Bloomberg
By Indira A.R. Lakshmanan
Secretary of State Hillary Clinton today removed the Iranian dissident group Mujahedin-e-Khalq, known as the MEK, from the U.S. terrorist blacklist, ending a years-long lobbying campaign by the group that paid former U.S. officials as advocates.
Effective today, the MEK is no longer designated a Foreign Terrorist Organization. As a result, its property and financial interests in the U.S. will no longer be blocked, and U.S. citizens won’t be barred from supporting or engaging in transactions with the group.
“The department does not overlook or forget the MEK’s past acts of terrorism, including its involvement in the killing of U.S. citizens in Iran in the 1970s and an attack on U.S. soil in 1992,” according to a State Department statement. “The department also has serious concerns about the MEK as an organization, particularly with regard to allegations of abuse committed against its own members.”

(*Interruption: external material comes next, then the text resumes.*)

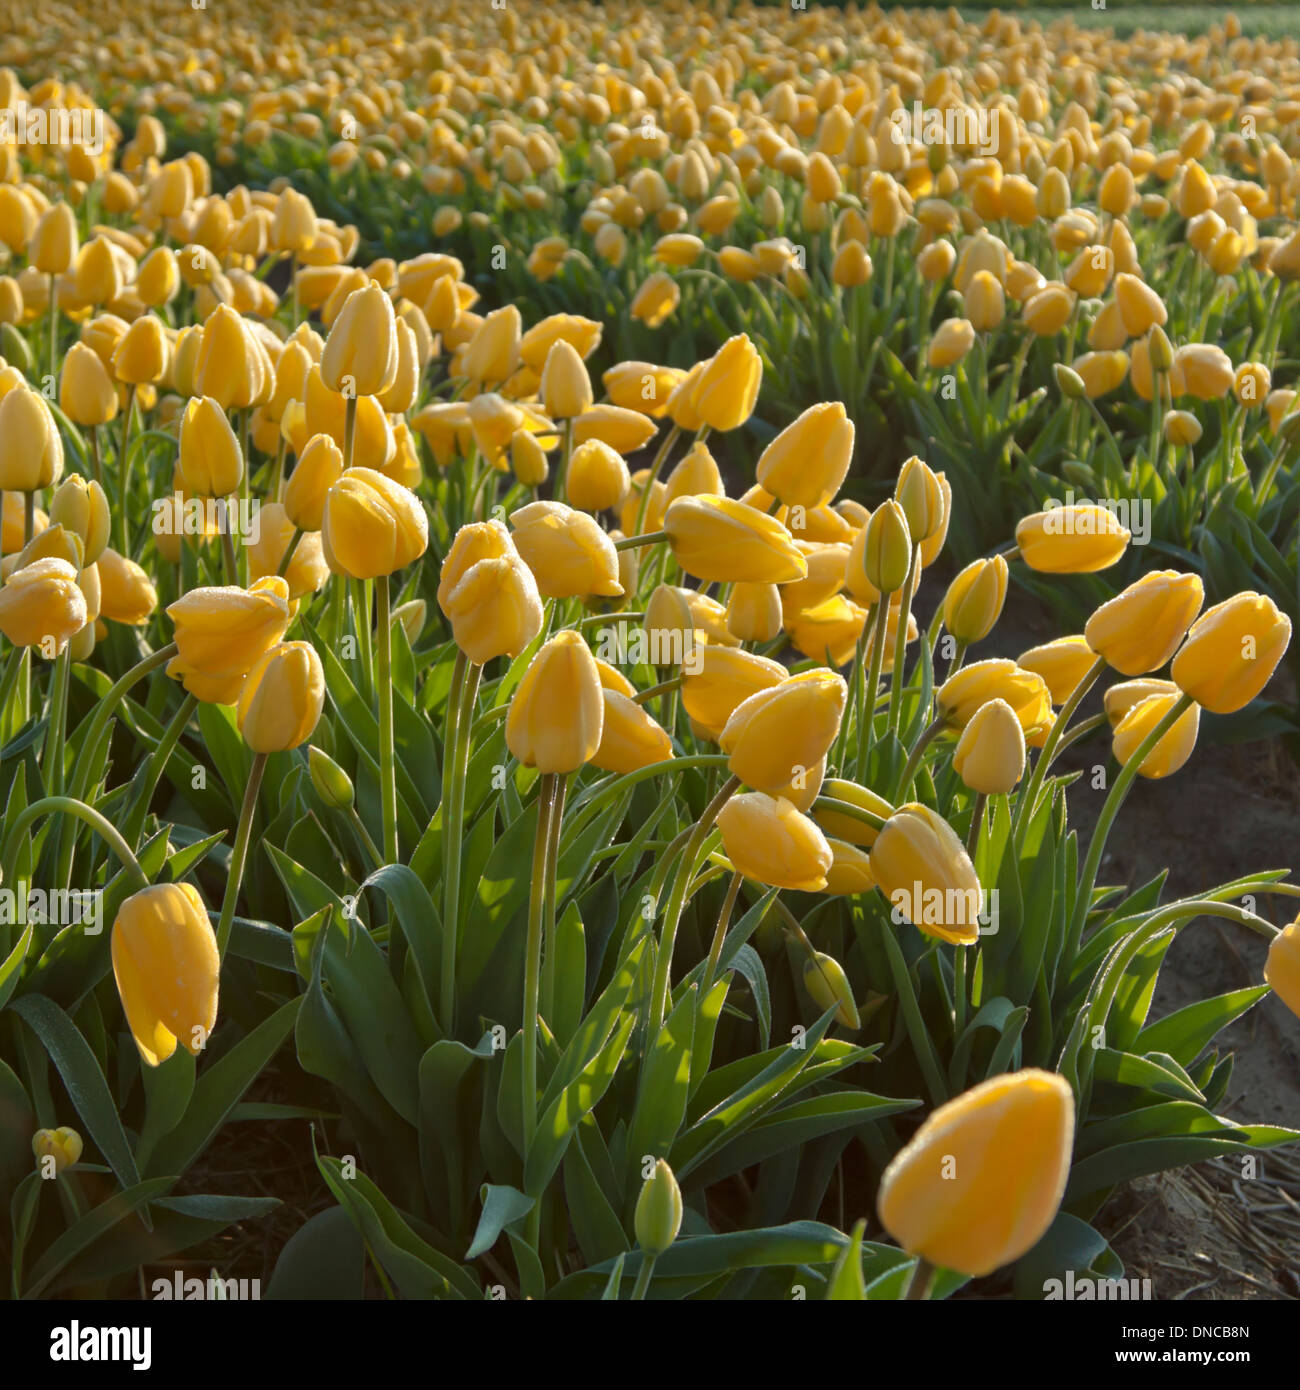 Flowering yellow tulips at Noordwijk, South Holland,The Netherlands. Spring colors and a colorful vista. Stock Photo
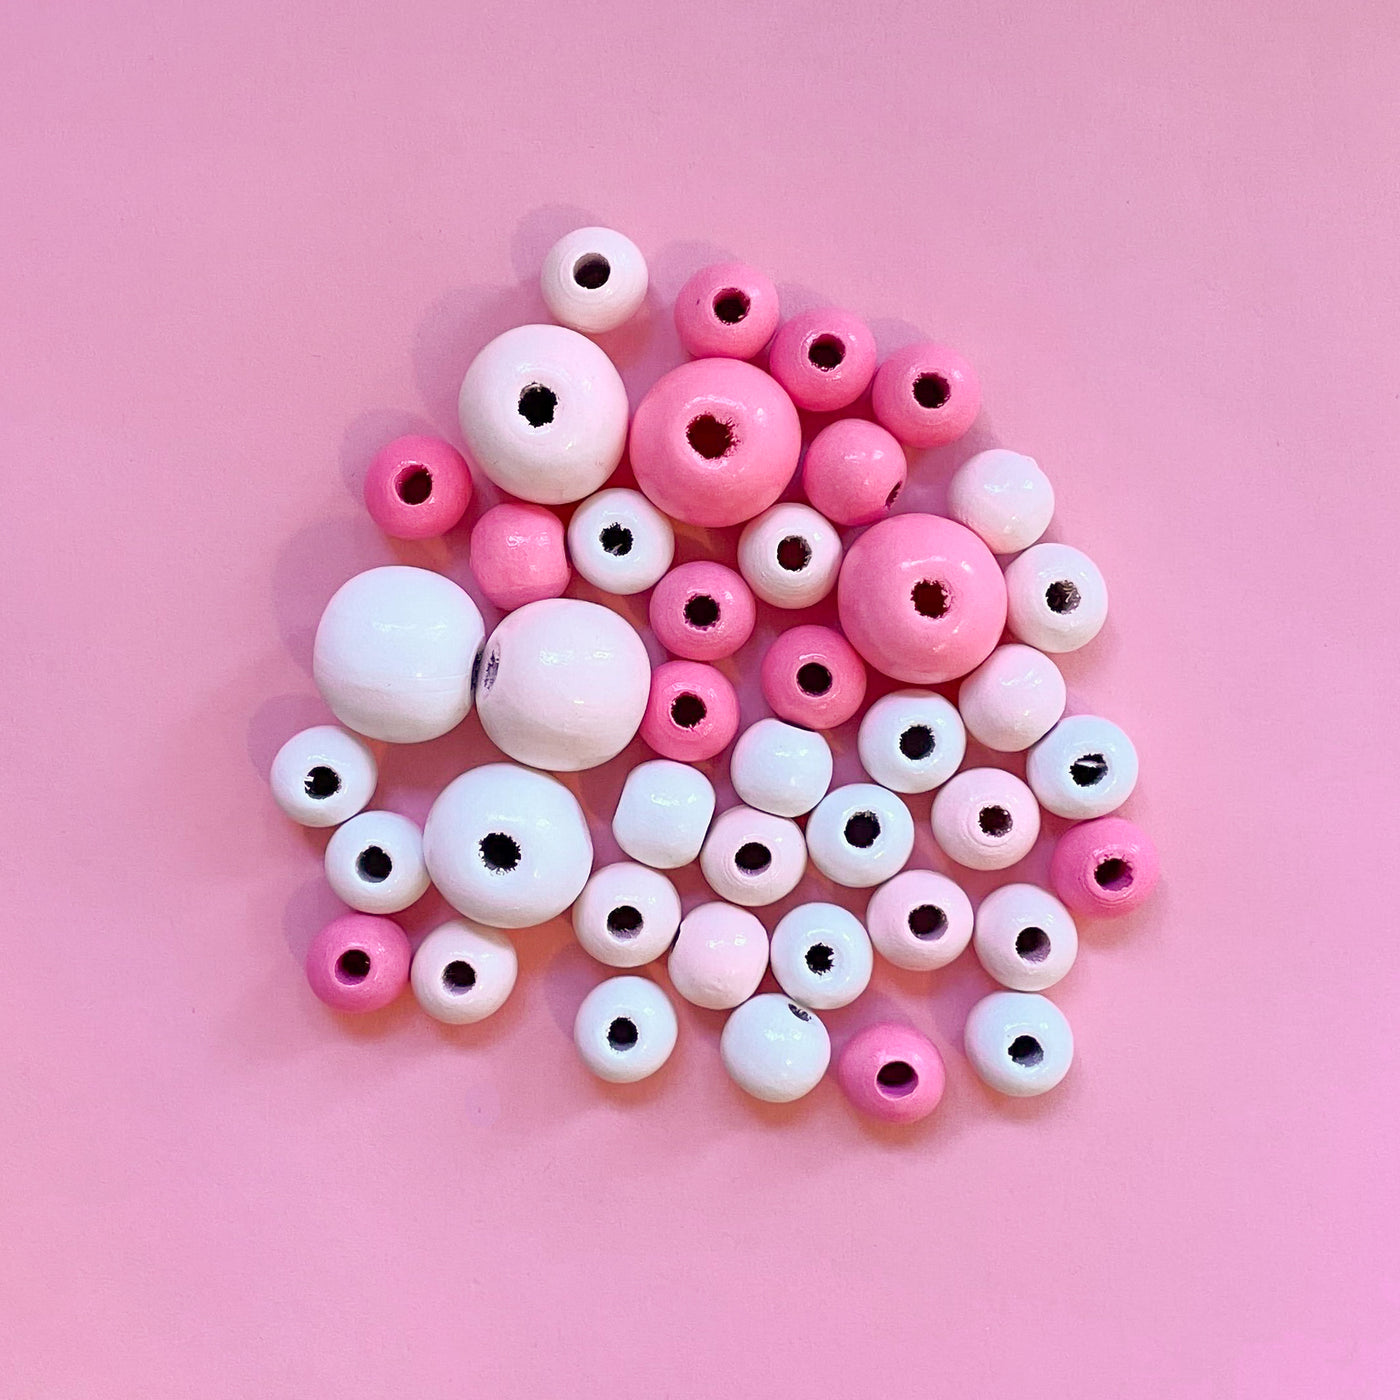 Painted Wood Beads - Pink Medley (42 pieces)

Clinton’s decision took into account the MEK’s public renunciation of violence, the absence of confirmed acts of terrorism for more than a decade, and the group’s cooperation with the peaceful closing in Iraq of its former paramilitary base, State Department officials said. Her decision was prompted by a federal court order, in a case brought by the MEK, requiring her to determine by Oct. 1 whether the group should remain on the blacklist.
The MEK’s supporters in Washington included members of Congress, former heads of the FBI and the CIA, and former U.S. cabinet secretaries and politicians from both parties. Many have advocated for the MEK as a viable opposition to the mullahs running the Islamic Revolutionary regime in Iran, and some have acknowledged accepting speaking fees of thousands or tens of thousands of dollars.
Awkward Position
One of the State Department officials, who spoke on condition of anonymity because of the sensitive topic, said the decision to revoke the group’s terrorist label was made on the merits, not to appease any group of advocates.
The decision puts the U.S. government in the awkward position of appearing to forgive a group that it acknowledges was involved in terrorist acts, including against Americans. Critics have said the Obama administration is adopting a double standard and overlooking allegations of continued terrorist acts against Iran, a state that the U.S. accuses of sponsoring terrorism itself.
Iran’s Criticism
Iran’s government alleges the MEK has cooperated with the Israeli intelligence agency Mossad in the assassination of Iranian nuclear scientists. Iranian Foreign Ministry spokesman Ramin Mehman-Parast called delisting the group an act of “violating international obligations and weakening global efforts” against terrorism, the state-run Fars news agency reported Sept. 25. The MEK has denied involvement in the assassinations.
Republican Representative Dana Rohrabacher of California has praised the MEK for the alleged involvement in assassinations of scientists and has said the U.S. should support the group as a legitimate alternative to the current Iranian regime. The State Department officials today rejected that argument.
The Obama administration doesn’t see the MEK as a viable opposition group or as a democratic opposition movement, one department official said. There is no evidence that the MEK could promote democratic principles and values that the U.S. supports, the official said, referring to what he called ample documentation of the group’s abuse of its own members.
Resisting Shah
The MEK was formed in 1965 to resist the Shah of Iran. After the Shah’s fall in 1979, the group broke with the revolutionary Islamic government and began attacking the regime from neighboring Iraq. The U.S. put the organization on its terrorism list in 1997 for alleged involvement in the killing of six Americans in Iran in the 1970s. The MEK also had made a failed attempt to kidnap the U.S. ambassador to Iran in 1971.
The organization says it disarmed in 2003, following the U.S. invasion of Iraq, and has lobbied the U.S. government since then to be removed from the list of terror organizations.
Officials today said Clinton’s decision was also guided by the group’s cooperation in relocating approximately 3,000 followers from Camp Ashraf in Iraq, which had served as a base for paramilitary strikes into Iran with support from then-Iraqi leader Saddam Hussein.
A second State Department official said the removal of the group from U.S. terror lists may help the United Nations High Commission for Refugees find nations willing to accept MEK members for resettlement. Almost all the group’s members have relocated from Camp Ashraf to Camp Liberty, a former U.S. base near the Baghdad airport, as an interim step to permanent relocation.
The European Union lifted its terrorist designation of MEK in 2008, five years after MEK says it disarmed.